To query your Amazon VPC flow logs, you have two options:

  • Amazon VPC Console – Use the Athena integration feature in the Amazon VPC Console to generate an Amazon CloudFormation template that creates an Athena database, workgroup, and flow logs table with partitioning for you. The template also creates a set of predefined flow log queries that you can use to obtain insights about the traffic flowing through your VPC.

    For information about this approach, see Query flow logs using Amazon Athena in the Amazon VPC User Guide.

  • Amazon Athena console – Create your tables and queries directly in the Athena console.
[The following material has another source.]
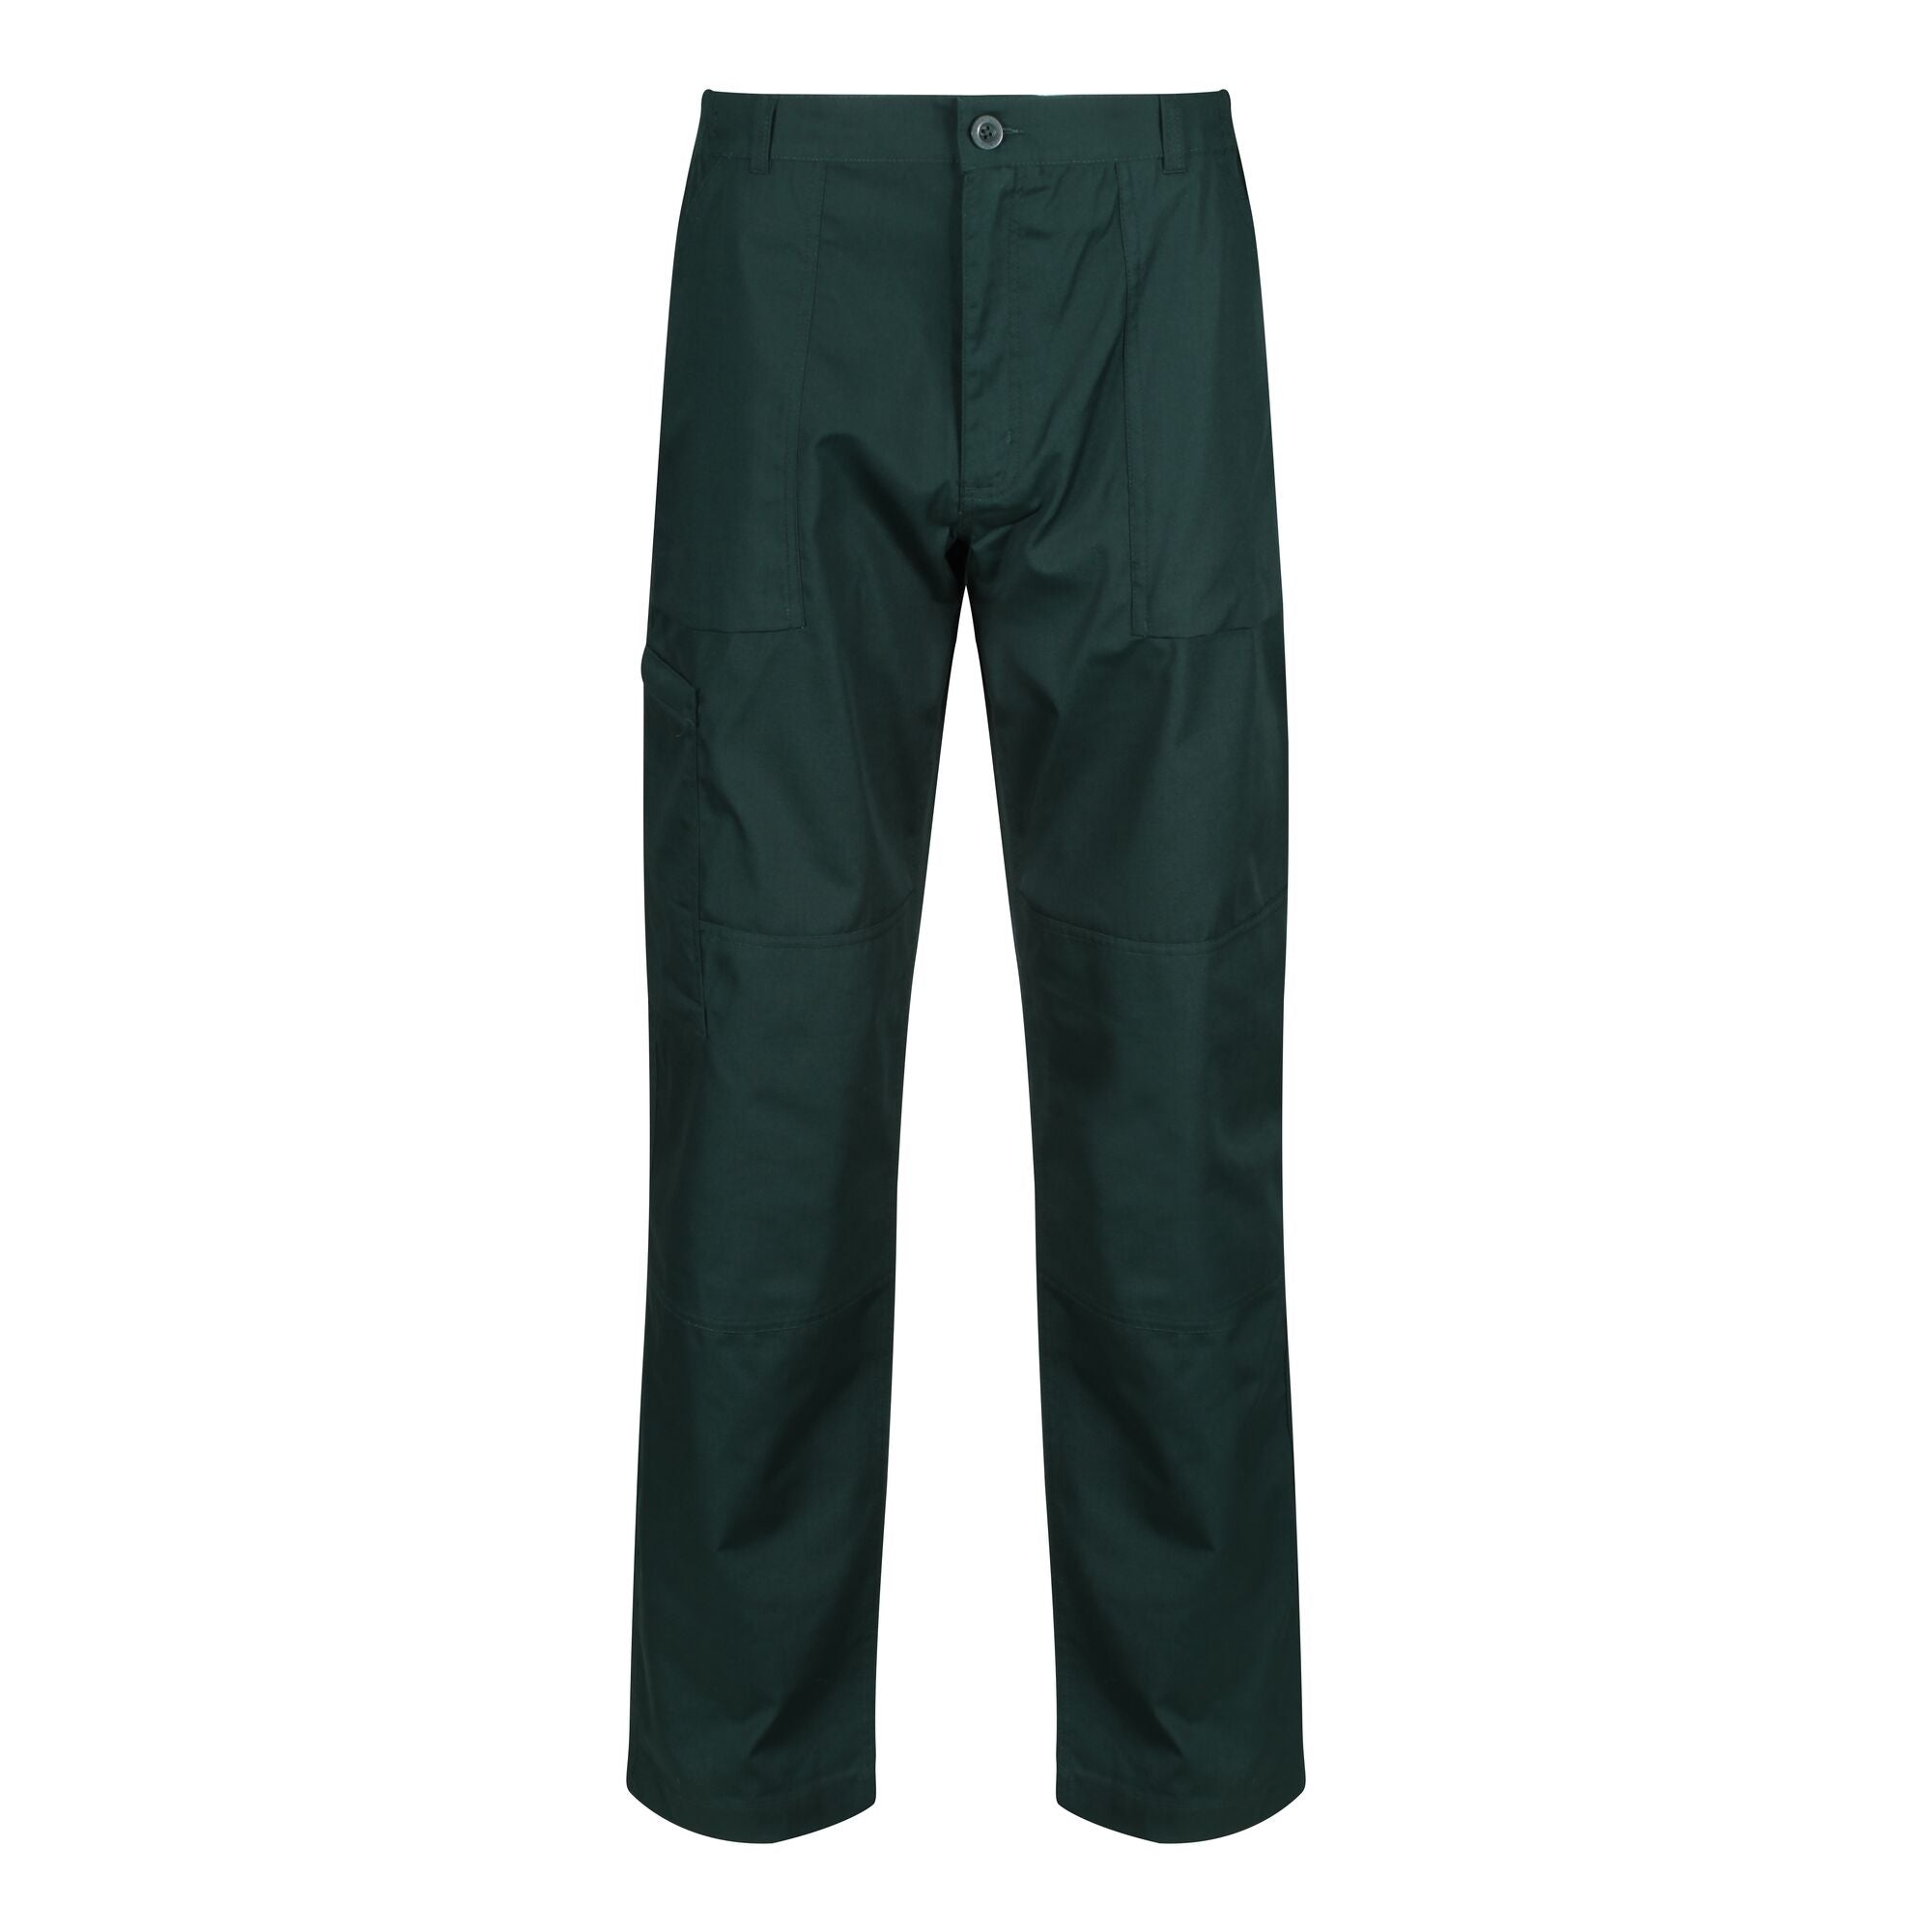 Regatta Action Work Trousers (Short Leg) - Green

For more information, continue reading this page.

Creating and querying tables for custom VPC flow logs

Before you begin querying the logs in Athena, enable VPC flow logs, and configure them to be saved to your Amazon S3 bucket. After you create the logs, let them run for a few minutes to collect some data. The logs are created in a GZIP compression format that Athena lets you query directly.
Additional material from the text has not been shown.